Male BALB/c-nu/nu nude mice, [weighing 16–18 g, 4–6 weeks of age, purchased from the Center of Experimental Animals of Wuhan University, (Wuhan, China)] were caged in groups of six and fed with a standard diet and water ad libitum. The study was approved by the ethics committee of Remnin Hospital of Wuhan University. Cells (5×106 cells/mouse) were injected subcutaneously into the right dorsal area. When tumors grew to a mean volume of 160 mm3, the mice were treated were as follows: i) Control, 0.9% saline; ii) puerarin group, 30 mg/kg/day puerarin, iii) 5-FU group, 12 mg/kg/day 5-FU; iv) puerarin+5-FU group, combination of puerarin (30 mg/kg/day) and 5-FU (12 mg/kg/day), three times a week for three weeks. Tumor volume (TV) and weight were recorded every three days. TV was calculated by the following formula: TV (mm3) = d2 × D/2, where d and D are the shortest and longest diameters, respectively. Following three weeks of treatment, the mice were sacrificed by orbital sinus bleeding and the tumors were segregated and weighed. Liver and renal injury were measured through detection of the levels of alanine aminotransferase (ALT), aspartate aminotransferase (AST), blood urea nitrogen (BUN) and serum creatinine (Cr). The tumor tissues were harvested for pathological examination to confirm that they were the same type of tumor. The levels of apoptosis in the cells of the tumor xenograft were measured by terminal deoxynucleotidyl transferase dUTP nick end labeling (TUNEL) assay according to the manufacturer’s instructions (Roche Diagnostics, Branchburg, NJ, USA).

Statistical analysis

Statistical analyses were performed using SPSS software version 17.0 (SPSS, Inc., Chicago, IL, USA). All data are expressed as the mean ± the standard deviation. The mean values of the different groups were compared using non-parametric analysis (Mann-Whitney rank sum test), and a value of P<0.05 was considered to be statistically significant.

Results

Cytotoxic effects of puerarin and 5-FU on BGC-823 cells

After 48 h of drug exposure, growth of BGC-823 cells was clearly inhibited in a dose-dependent manner in vitro. As shown in Fig. 1, 20 μM 5-FU had an inhibition rate of 30.58%, which increased to 93.48% at 320 μM (Fig. 1A). The inhibition rates caused by puerarin were 35.90% (400 μM) and 96.51% (6,400 μM; Fig. 1B). Combined treatment with these two drugs significantly decreased the viability of BGC-823 cells compared with the effect of either drug used alone.

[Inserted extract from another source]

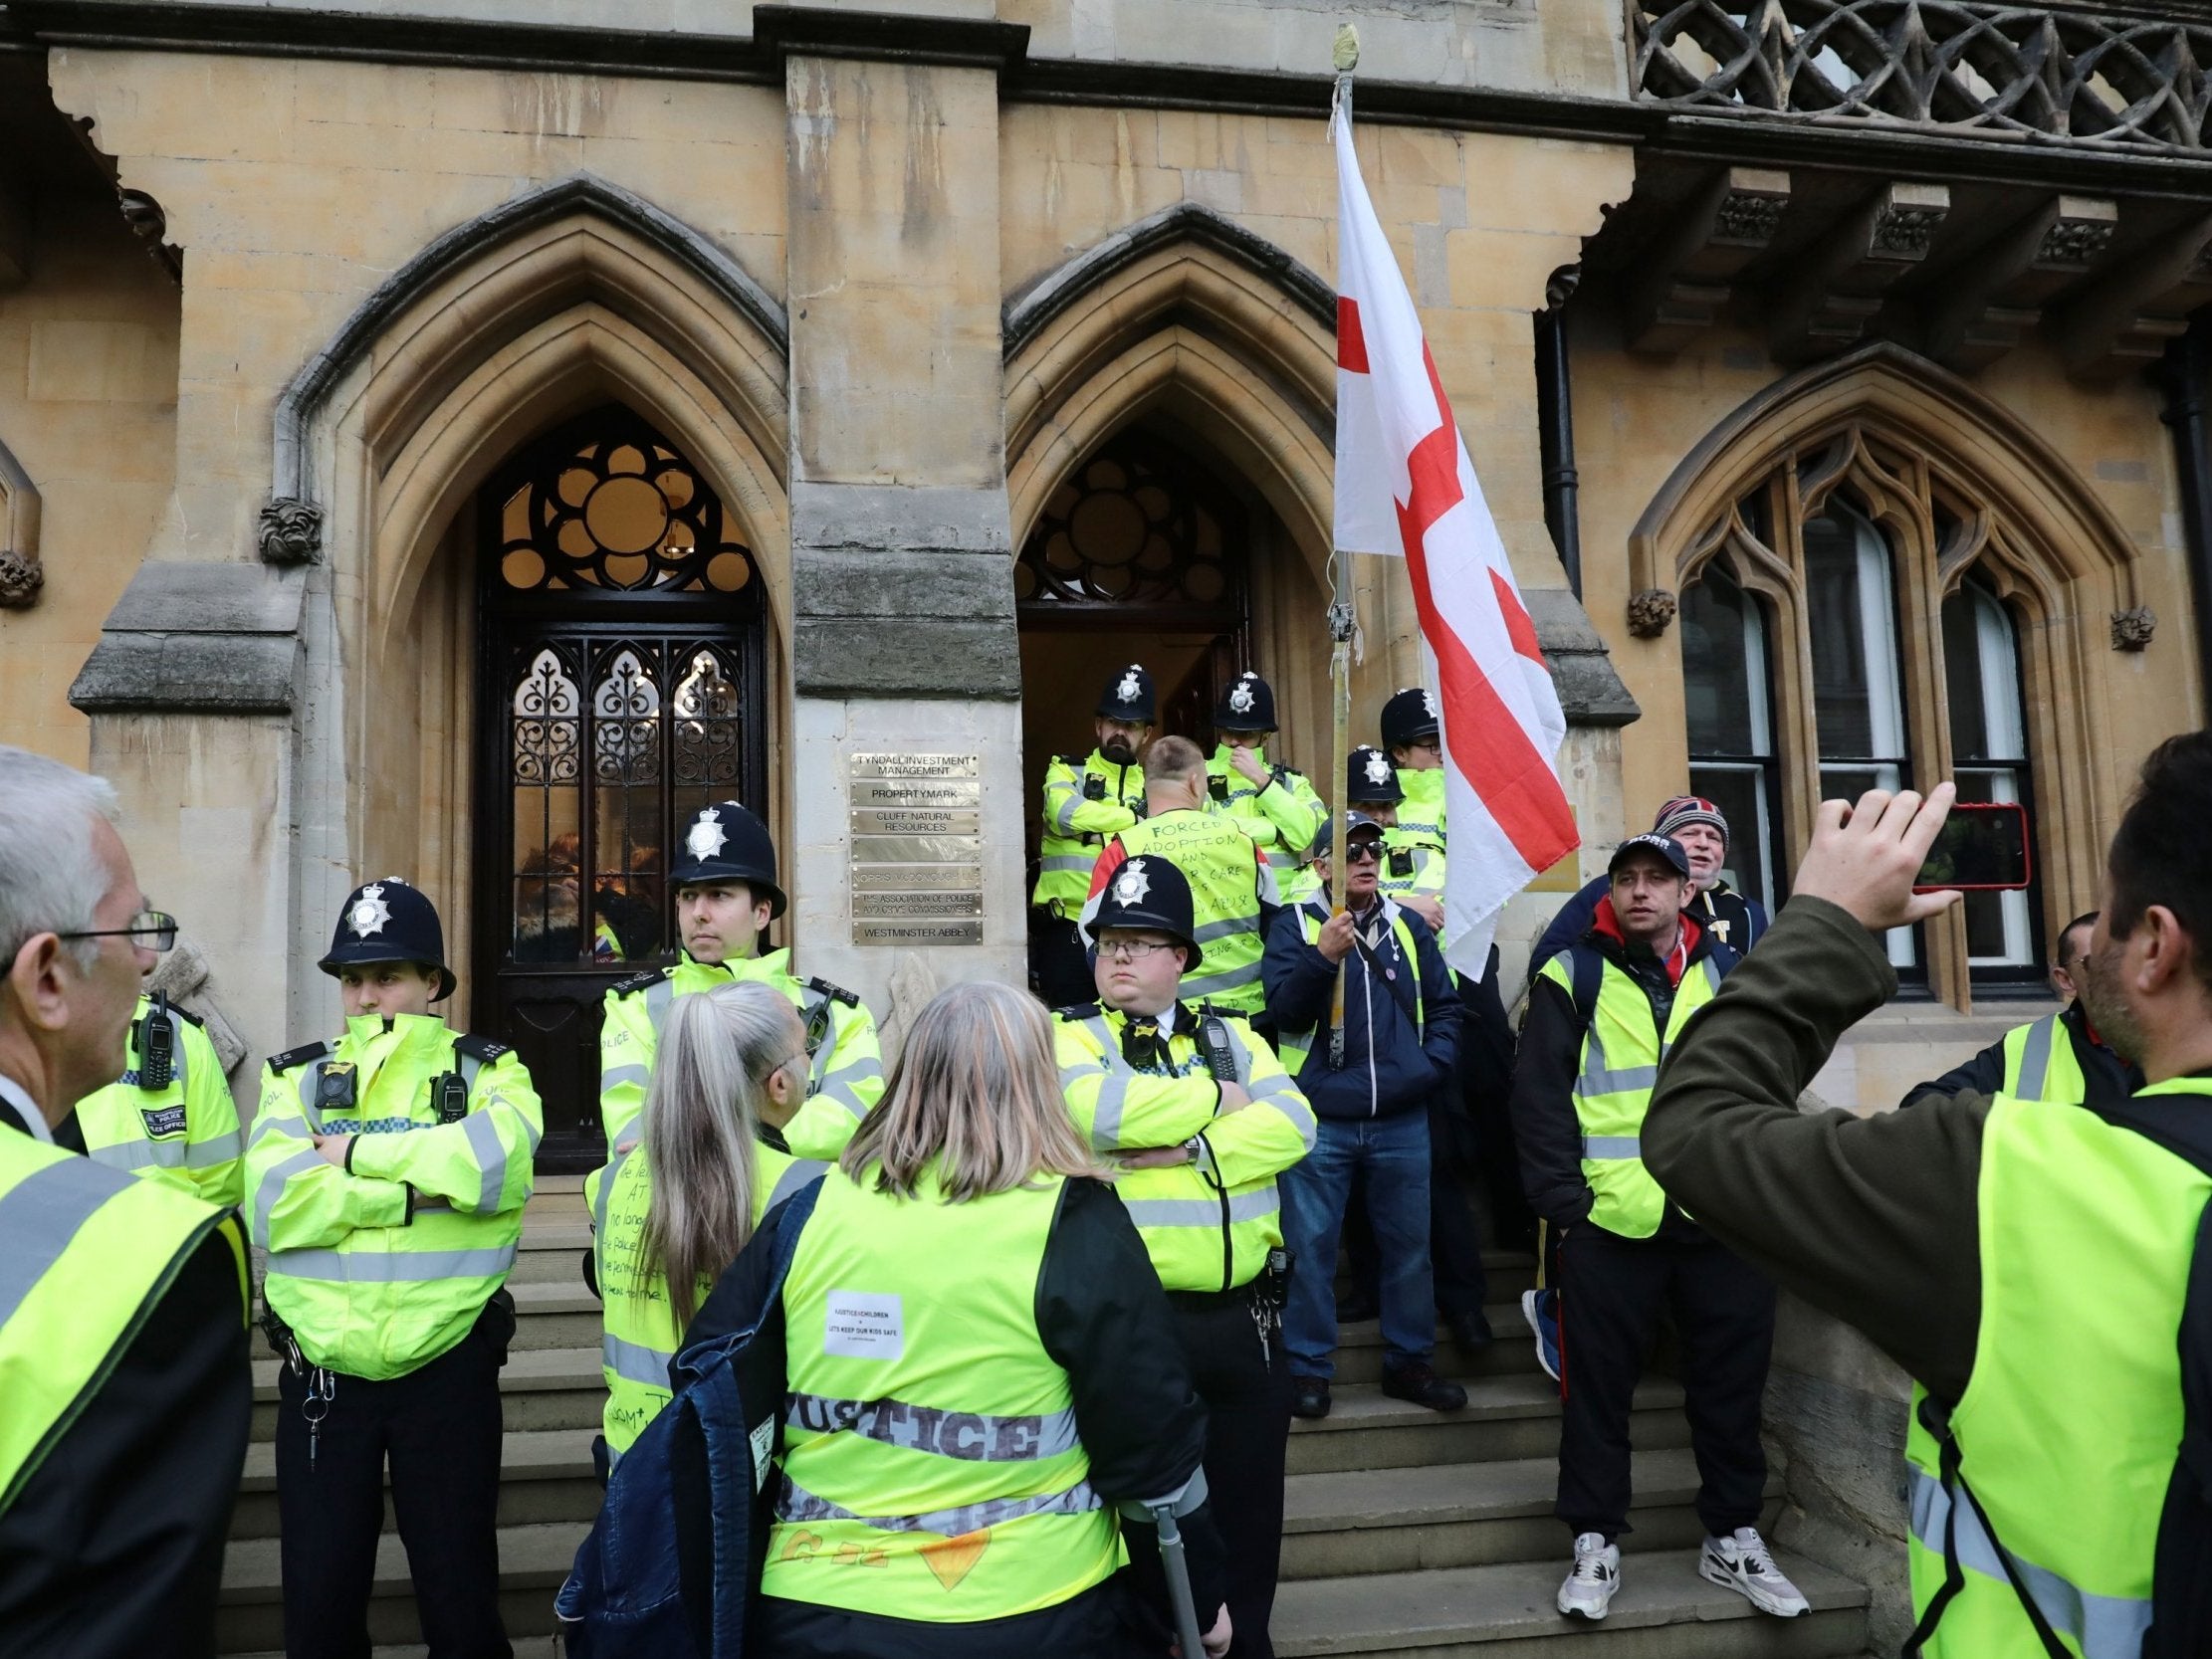 The incident (not pictured) came at a weekly 'yellow vest' demonstration in London

Figure 1 Effect of puerarin or 5-FU alone on BGC-823 cells. The proliferation of BGC-823 cells was inhibited by (A) 5-FU and (B) puerarin in a dose-dependent manner (P<0.01 compared with 20 μM 5-FU and 400 μM puerarin, respectively). (C) The CI values were determined by the method by Chou and Talalay. As shown here, the CI values are <1 when the fractions affected are <0.8775. Thus, puerarin and 5-FU at certain concentrations had synergistic effects in inhibiting the proliferation of BGC-823 cells. 5-FU, 5-fluorouracil; CI, combination index; fa, fraction of the system affected by the dose.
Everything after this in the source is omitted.